* **Supplied records**
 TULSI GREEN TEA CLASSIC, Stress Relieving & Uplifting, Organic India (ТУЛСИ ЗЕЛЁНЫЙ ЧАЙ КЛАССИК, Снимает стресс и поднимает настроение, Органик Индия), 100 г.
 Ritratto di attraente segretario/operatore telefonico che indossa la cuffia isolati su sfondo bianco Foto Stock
...
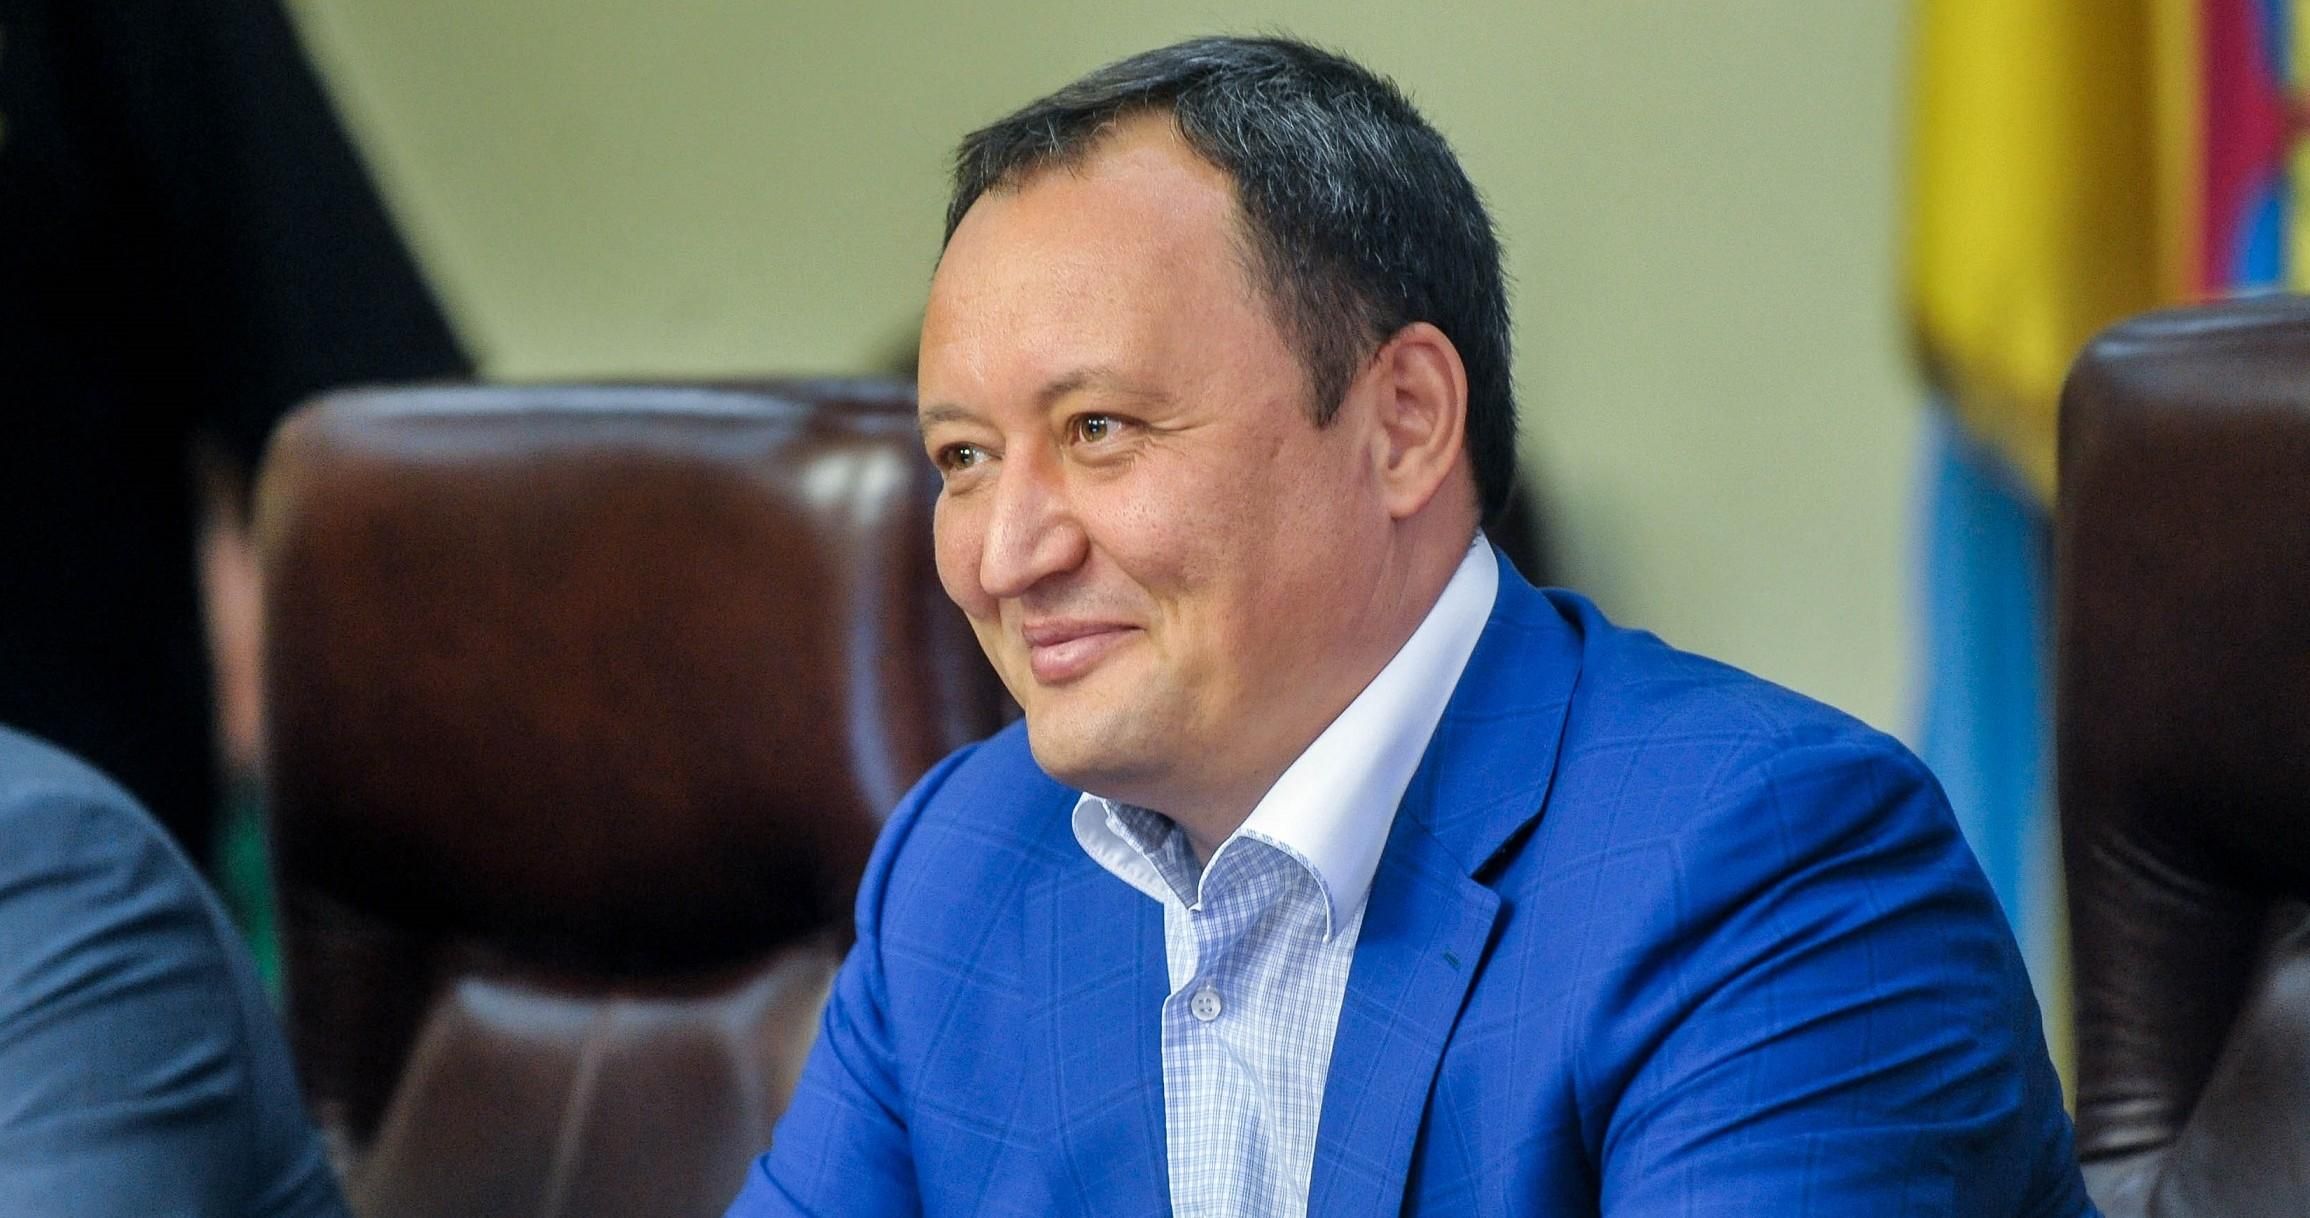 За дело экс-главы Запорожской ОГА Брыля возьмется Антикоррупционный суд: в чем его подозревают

* **Assignment**
Produce only the lines from the line containing "TULSI GREEN TEA" through the line containing "Ritratto di attraente", inclusive of both, exactly as they stand in the entries above.

* **Final answer**
 TULSI GREEN TEA CLASSIC, Stress Relieving & Uplifting, Organic India (ТУЛСИ ЗЕЛЁНЫЙ ЧАЙ КЛАССИК, Снимает стресс и поднимает настроение, Органик Индия), 100 г.
 Ritratto di attraente segretario/operatore telefonico che indossa la cuffia isolati su sfondo bianco Foto Stock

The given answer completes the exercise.